Saturday, 17 October 2015

With all Change comes Loss!

Please check out my video's on my Youtube channel or like my Facebook Page for parenting support and information XX 

Loss is a part of Change


Something that has been very prominent for me in my own healing journey has been the amount of loss I have experienced whilst making the necessary changes I have been making in my life. I have been reflecting on how change occurs in our lives and how painful this part of life can be. Most people know all about change and how it can turn your life upside down and make you feel unsure of yourself. What most people don’t bank on, however, is the grief that accompanies even the smallest change.


Grief and Change:


In order for new experiences to enter into your life, you need to make some space for them. The very nature of change means that the old ways you have grown accustomed to, are found to be no longer applicable to you anymore. Unfortunately, this can happen with people too. Similarly with decision making, in order to invite in something new or make a decision to change, you have to sever, let go or abandon something old. A quick example would be that you may decide to change your breakfast cereal to toast. In order to have toast in the morning instead, you must STOP having cereal.

This ‘letting go’ can bring about feelings of loss and grief, especially if the changes you have made have included people or places that have significant meaning in your life. You will need to go through a process, a grieving process, in order to accept these changes and make them a part of your current life. For some people, this can take time. The changes do not always have to be difficult changes, in fact they can be very exciting and joyful. So many people get caught in this trap, the ‘I should be feeling happy…’ trap. What isn’t taken into account, however, is how difficult the process of change is, regardless of how good or exciting the change is by nature.

With every new beginning comes an ending:


We are built to mourn the endings we face in order for us to process the changes in our lives, in how we see ourselves, our environment and the world in general. We feel loss at all the feelings of what could have been and the regrets we may hold. We feel loss at the ending of any future plans we may have held. We feel loss at the changes within us and how we used to think, used to feel or even how we used to react. We may not have liked the way we reacted or behaved but it was familiar.
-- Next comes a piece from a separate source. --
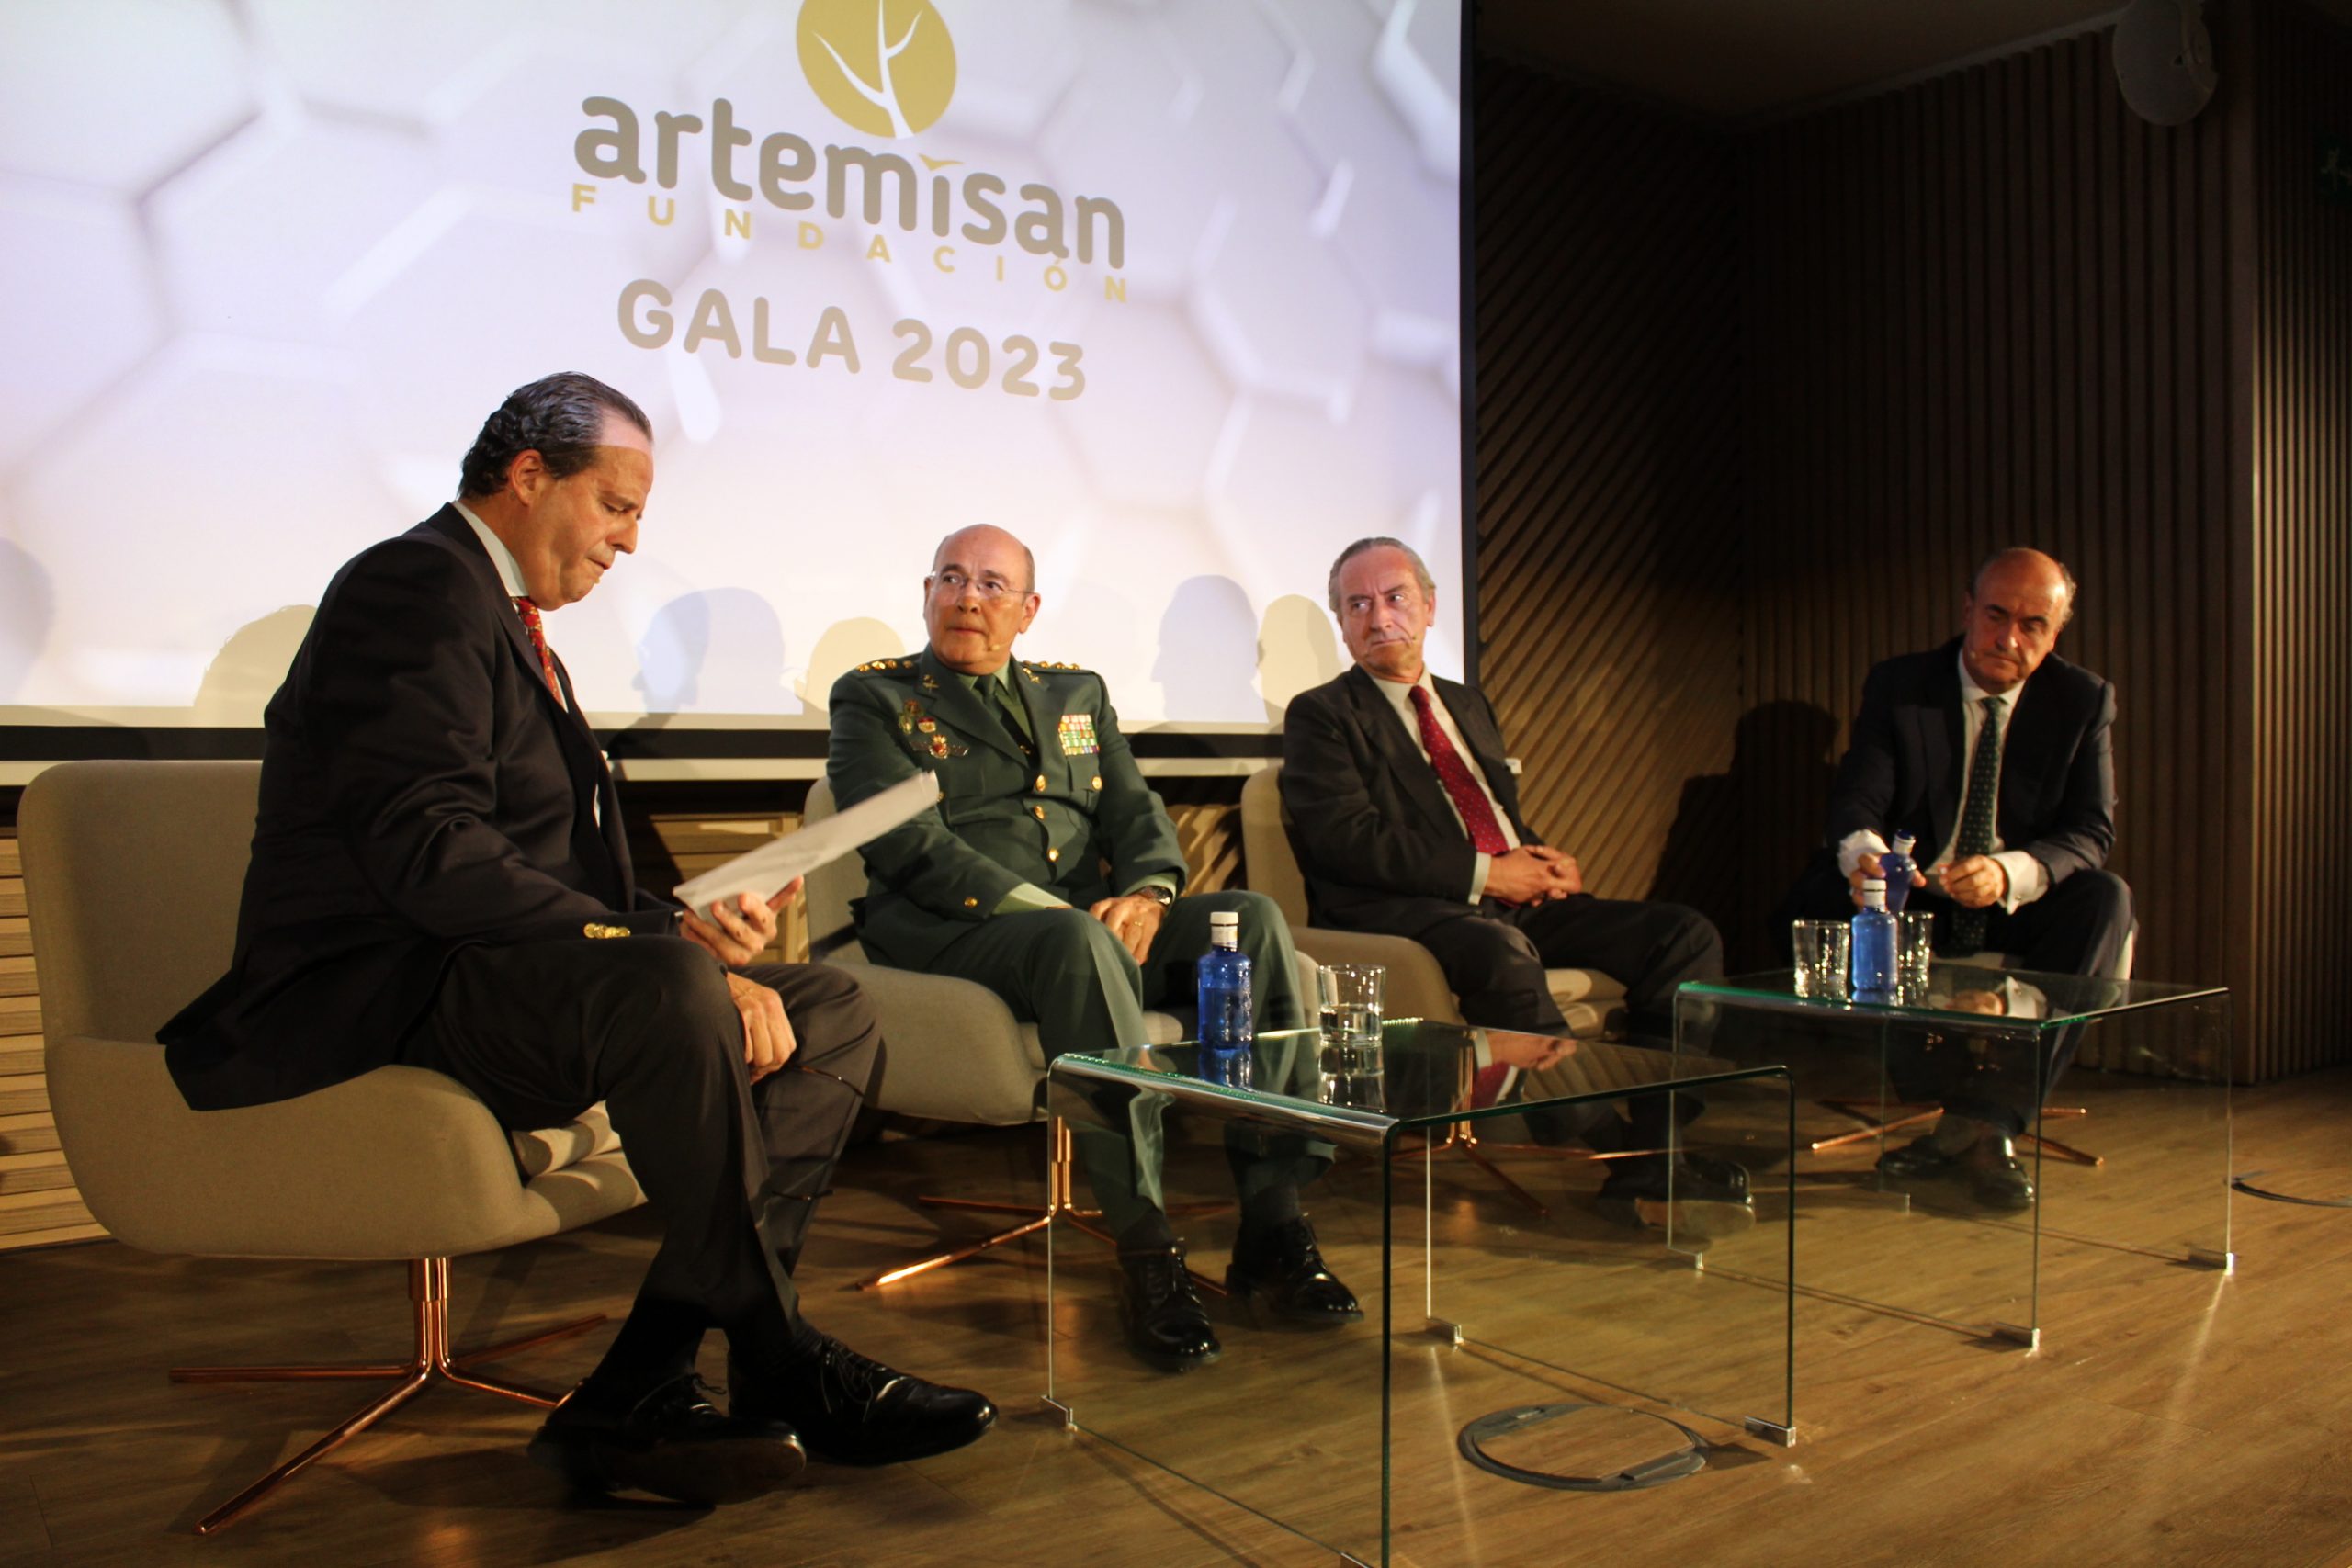 Mesa de Defensa Jurídica de la Gala de Fundación Artemisan 2023, con la participación de Diego Pérez de los Cobos, Luis Ibáñez y Jorge Bernad.

It was a part of us and for us to move forward, we need to create closures and endings and find a way to let certain things go.


Sadness and Loss:


The core emotion of loss is sadness. Sadness is a heavy emotion and can often make us feel as if we want to withdraw and wallow. It is a very low energy emotion and I look at it as if it deliberately slows you down in order to allow you to take time away from your everyday life and process what has happened. We may feel longing and sorrow, which can lead to feelings of remorse and regret. We may feel untrusting of ourselves and the decisions we have made. We may feel alone and unsure of ourselves. We may feel angry and frustrated. We may even feel anxious and panicked. Mostly we feel as if we are all over the place when we are going through change. It can all feel a bit ‘unknown’ and that can be very frightening for many people.

Sadness requires gentle self-soothing:


When working with sadness as an emotion you are experiencing (or your child may be experiencing), you want to aim for soothing and comforting forms of attending to yourself or loved one. Think of a child who is crying and sad, what would you want to do for that child? If you were emotionally regulating a child with their sadness, you would want to start by helping the child to understand what they are going through. You would want to help them feel ok with their feelings of sadness (validation) and help them to understand that everyone feels sad sometimes (normalising). You would do this by acknowledging how much they have gone through and how normal it is to feel sad when people go through something like this. You would use your voice to show the child you are there for them and a calm and comforting presence for them. You would use physical affection such as hugging or holding them, holding their hand, stroking hair, rubbing shoulders, sitting next to them etc. You would also allow them to cry and support them while they do. You would NOT call them names like ‘you are being an idiot’ or ‘what the hell is wrong with you!’ You would also try to resist cheering the child up and would allow your child to feel sadness and work through it with your help.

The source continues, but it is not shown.